T. caerulescens is found mostly in Zn/Pb-rich soils, as well as serpentines and non-mineralized soils. It was discovered to be a Zn hyperaccumulator. Because of its ability to extract vast quantities of heavy metals from soils. When grown on mildly polluted soils, a closely related species, Thlaspi ochroleucum, is a heavy metal-tolerant plant, but it accumulates much less Zn in the shoots than T. caerulescens. Thus, Thlaspi ochroleucum is a non-hyperaccumulator and of the same family T. caerulescens is a hyperaccumulator. The transfer of Zn from roots to shoots varied significantly between these two species.
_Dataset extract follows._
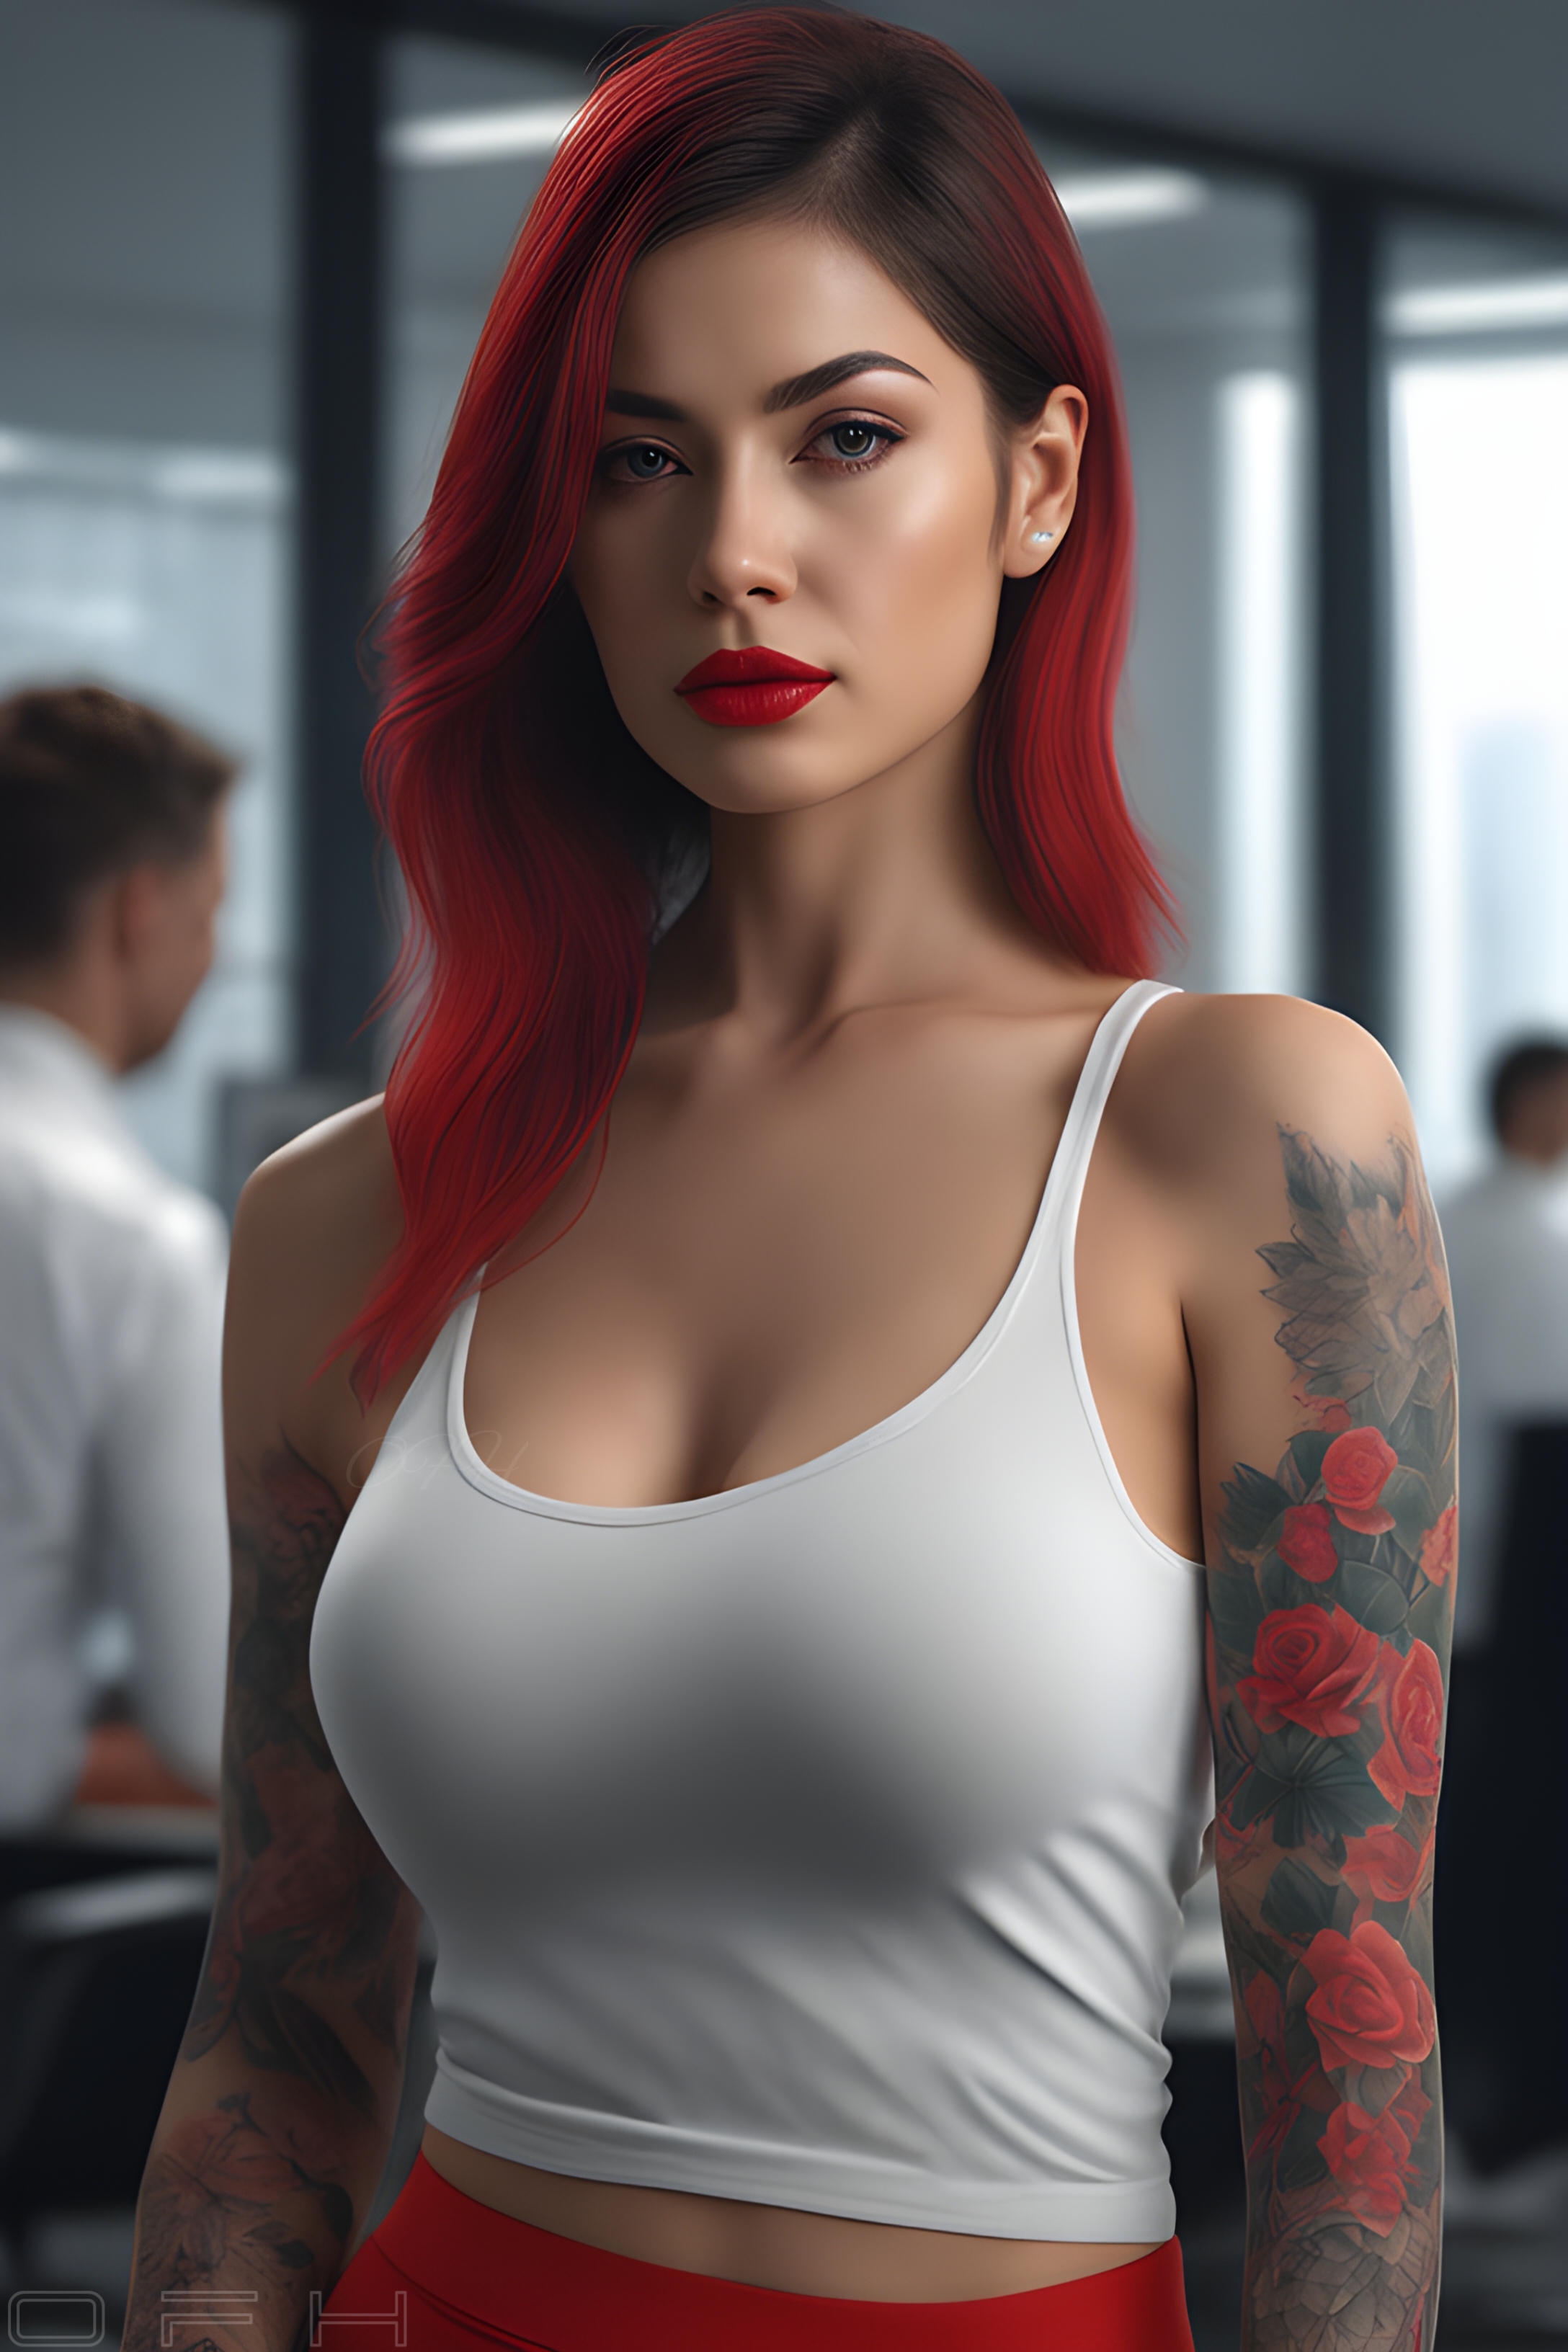 General 2176x3264 AI art OneFinalHug digital art tattoo fantasy girl portrait display gradient hair two tone hair looking at viewer lipstick red lipstick bare shoulders
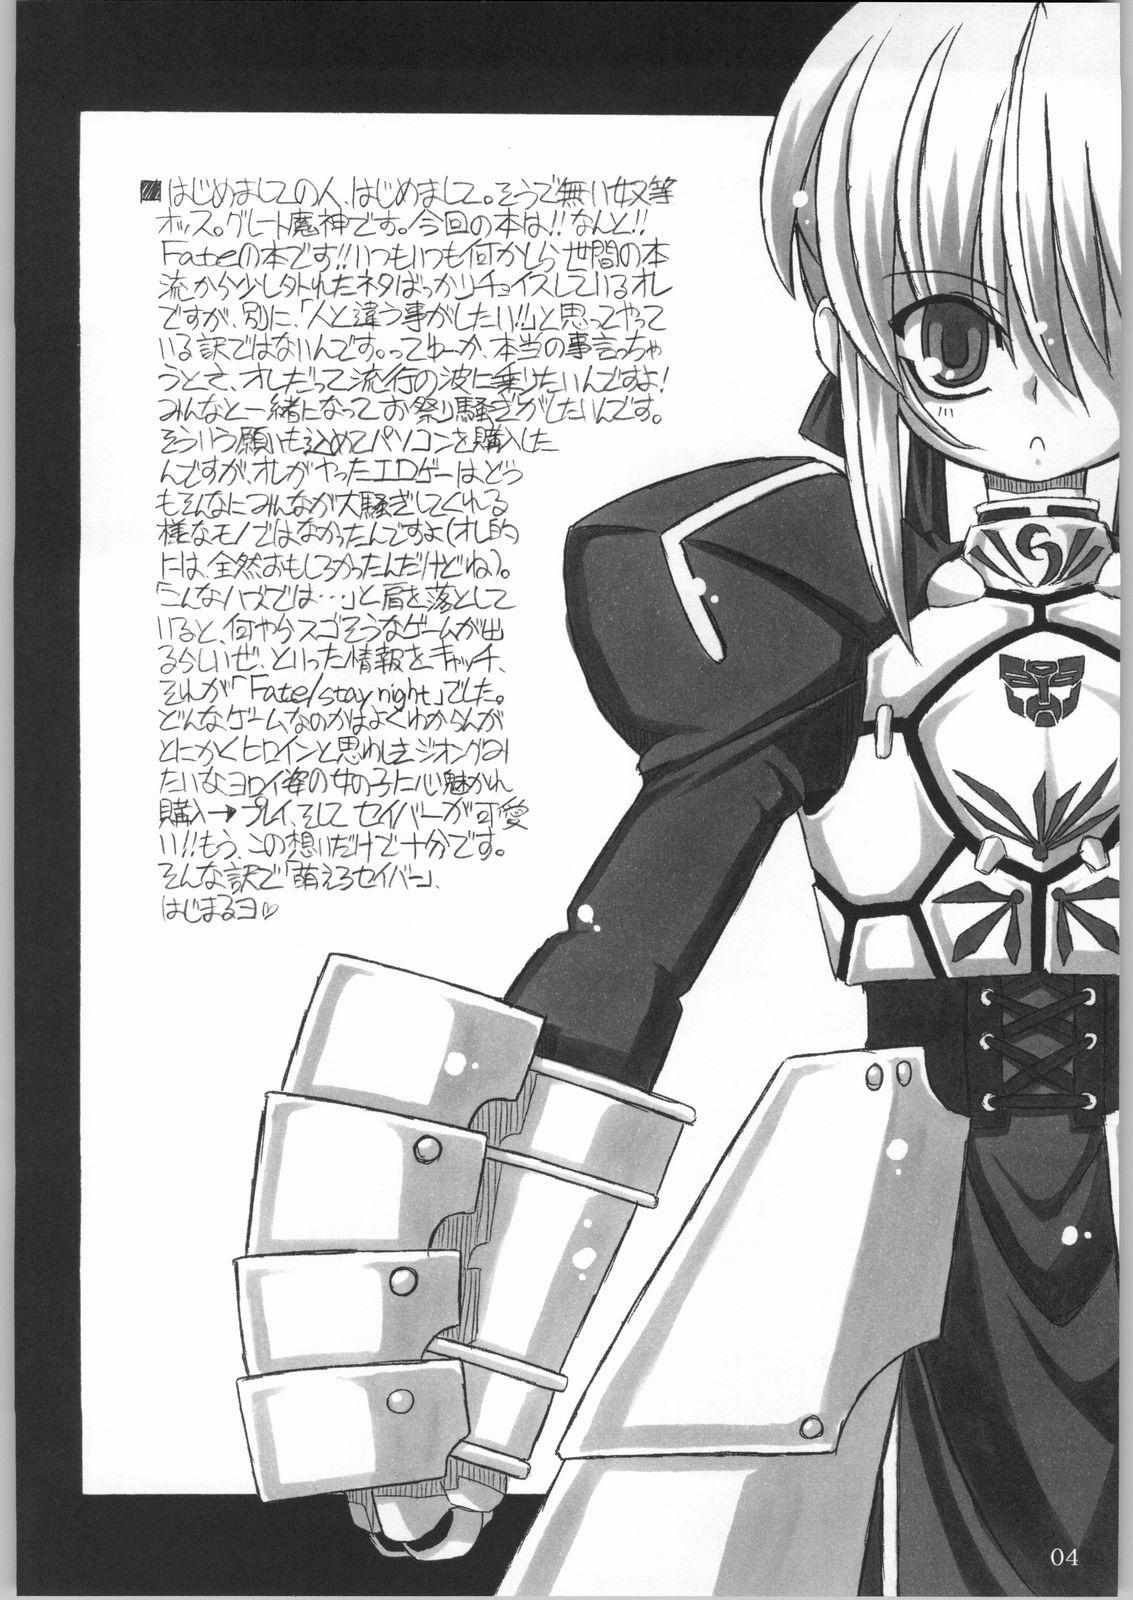 German Entaku No Kishi Monogatari Moero Saber - Fate stay night Dykes - Page 3

T. caerulescens had much higher shoot/root Zn concentration levels than T. ochroleucum, which always had higher Zn concentrations in the roots. When Zn was withheld, the amount of Zn previously accumulated in the roots in T. caerulescens decreased even more than in T. ochroleucum, with a concomitantly greater rise in the amount of Zn in the shoots. The decreases in Zn in roots may be mostly due to transport to shoots, since the volume of Zn in shoots increased during the same time span.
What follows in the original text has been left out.